Discussion from McGrain and Currens (1978)

Hopkins County is in the Western Kentucky coal field. The topography ranges from nearly flat
along the broad valleys of Green, Pond, and Tradewater Rivers to hilly in the southern and
central parts of the county. The elevations of the valley flats are generally between 380 and 400
feet. Gradients of these rivers and some of the tributary streams are low, and swampy conditions
may be present. The lowest elevation in the county, approximately 345 feet, occurs where Green
River leaves the county at the junction of McLean and Webster Counties, and where Tradewater
River leaves the county at the junction of Caldwell and Webster Counties.

Hills and ridges range from 100 to 300 feet above the valley floors. Ridgetop elevations between
500 and 600 feet are common. The highest elevation, 729 feet, a point on a ridge forming part of
the drainage divide between Pond and Tradewater Rivers, is located approximately 3 miles north
of Saint Charles.

Madisonville is the county seat. The elevation at the intersection of Center and Main Streets is
470 feet.

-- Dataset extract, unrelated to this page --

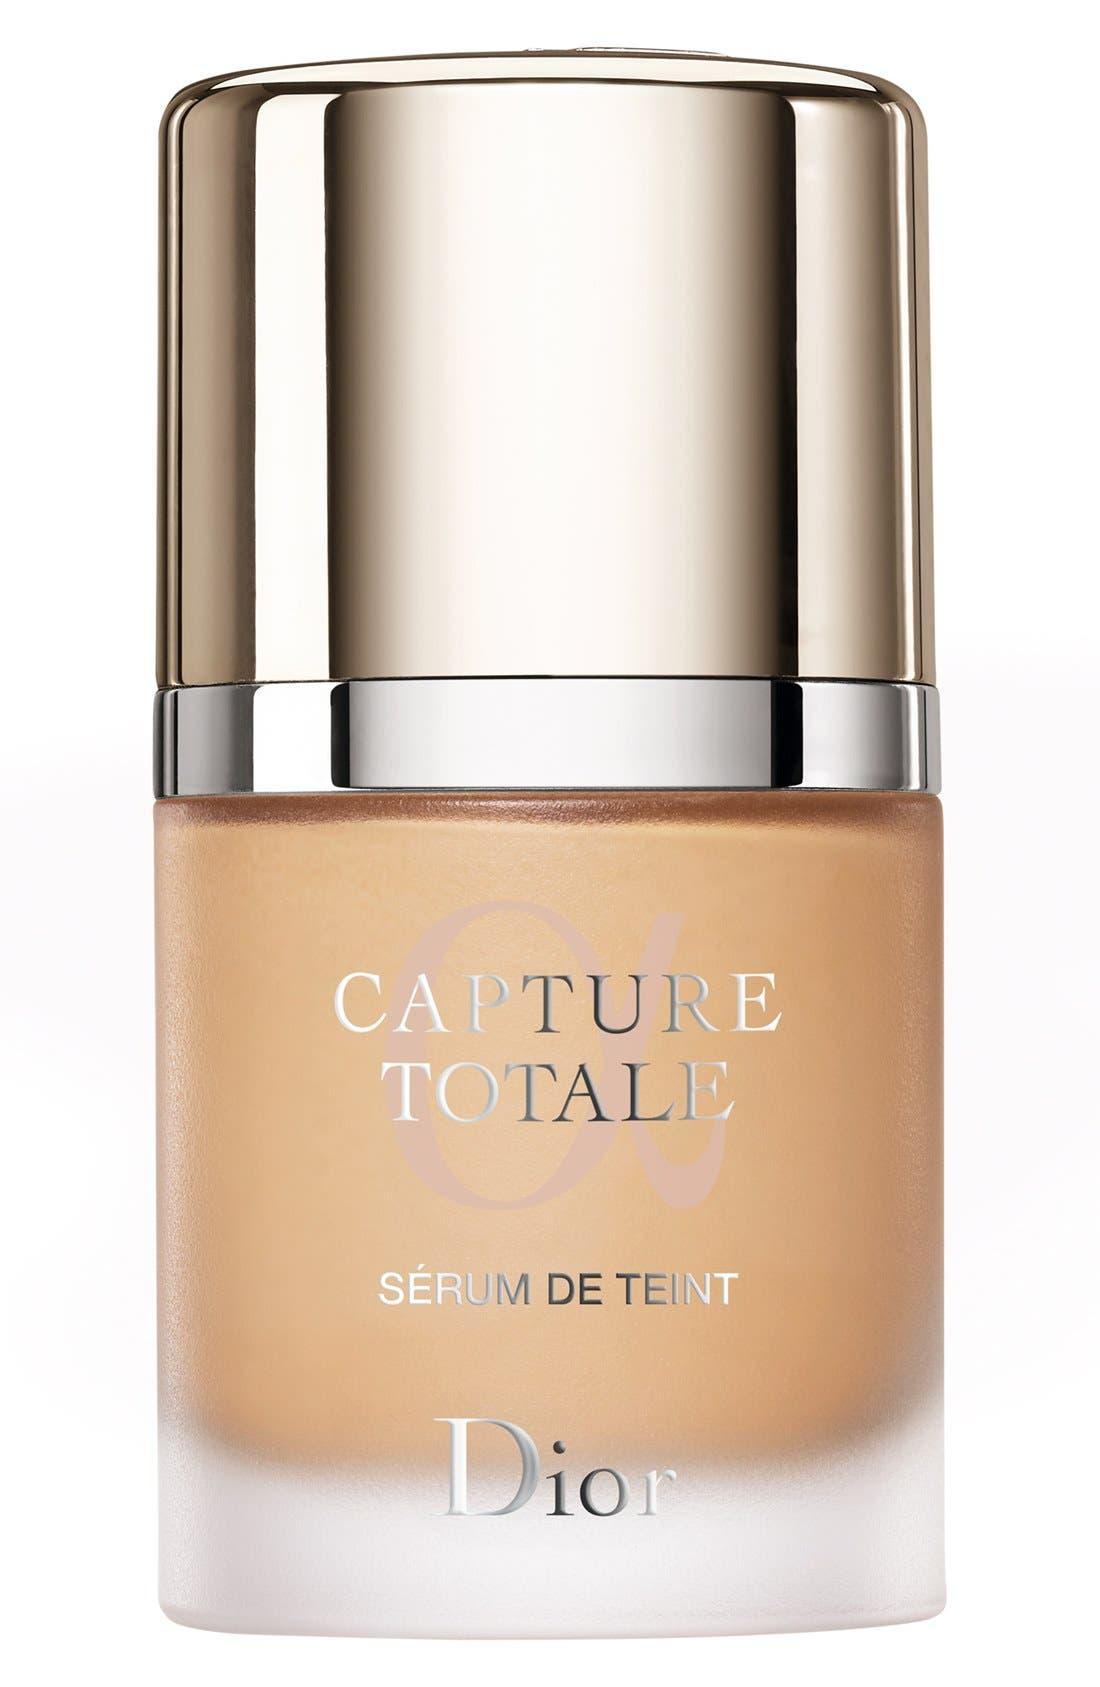 Dior Capture Totale Foundation Spf 25, oz - 031 Sand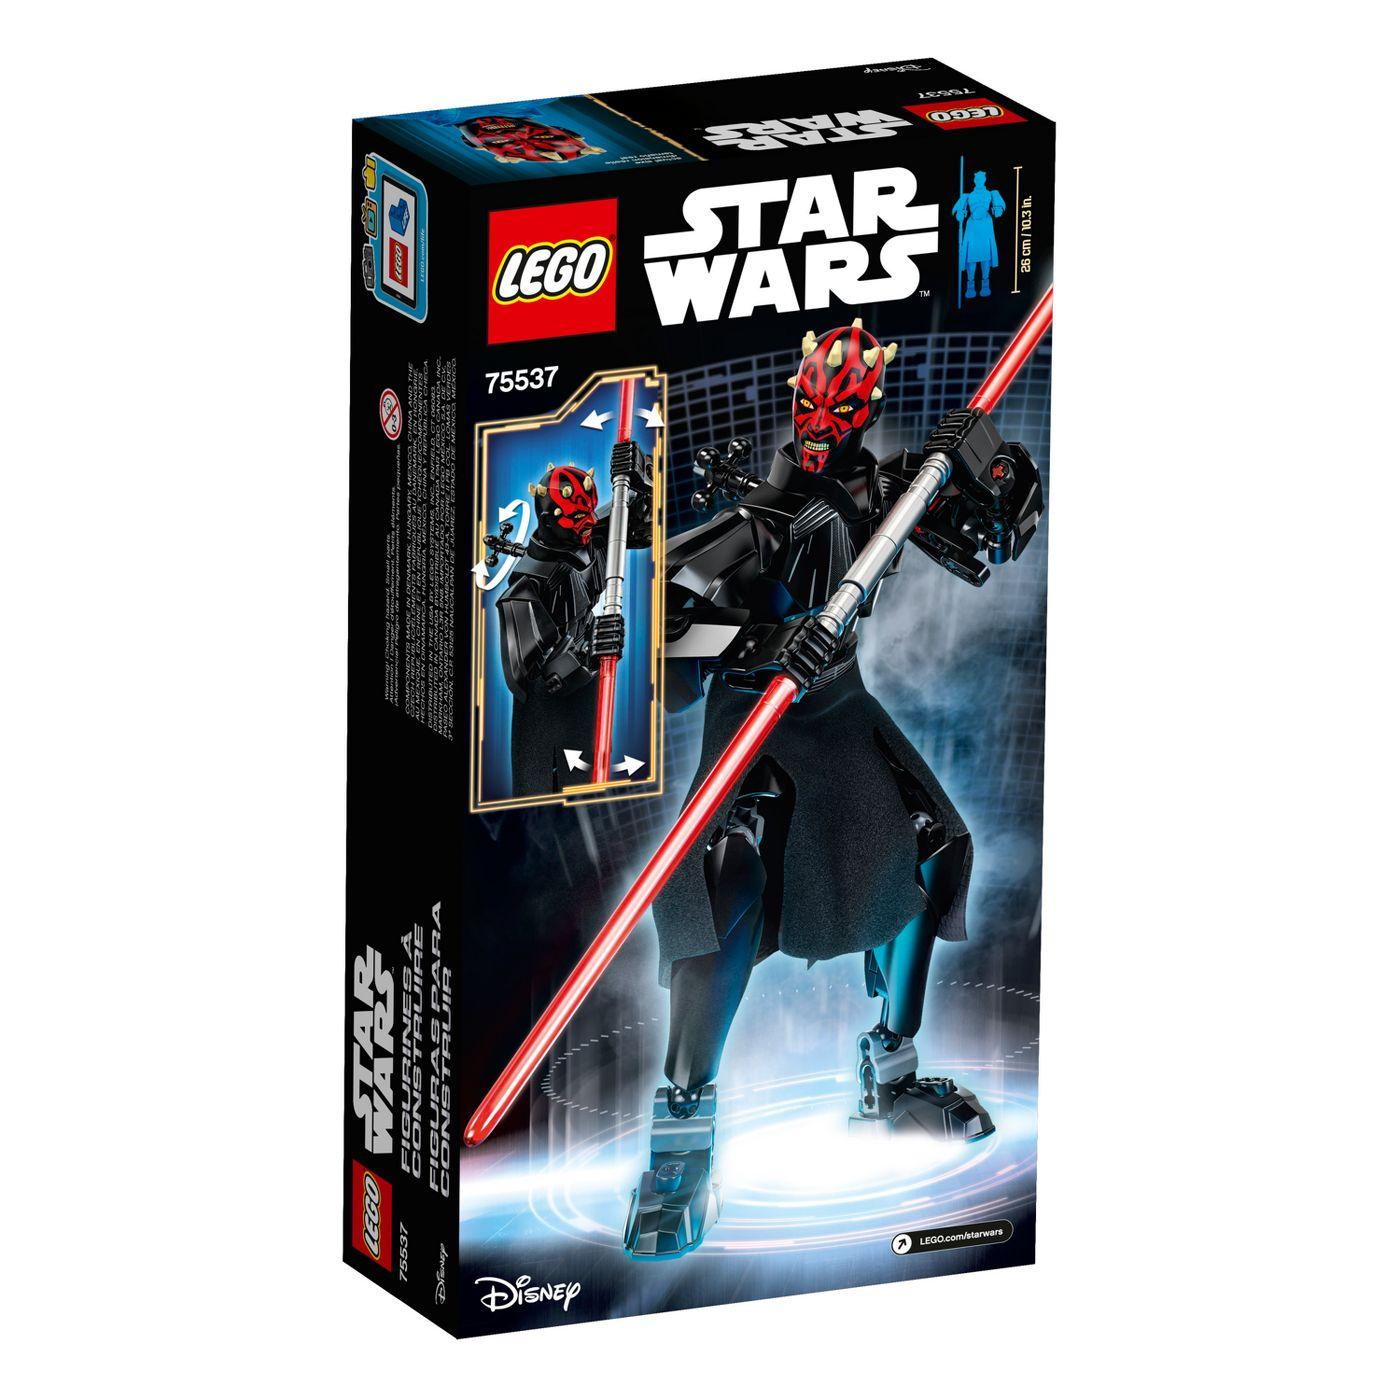 SW Darth Maul Buildable Figure Lego set 2

Elevations of other communities are Ashbyburg, 388 feet; Beulah, 525 feet; Coiltown,
438 feet; Dalton, 405 feet; Dawson Springs, 414 feet; Earlington, 422 feet; Hanson, 433 feet;
jewel City, 385 feet; Mortons Gap, 444 feet; Nebo, 405 feet; Nortonville, 407 feet; Saint Charles,
450 feet; and White Plains, 412 feet.

The 7.5-minute topographic quadrangle maps that cover the county are shown, by name and by index code (Kentucky Natural Resources and Environmental Protection Cabinet) on the index map.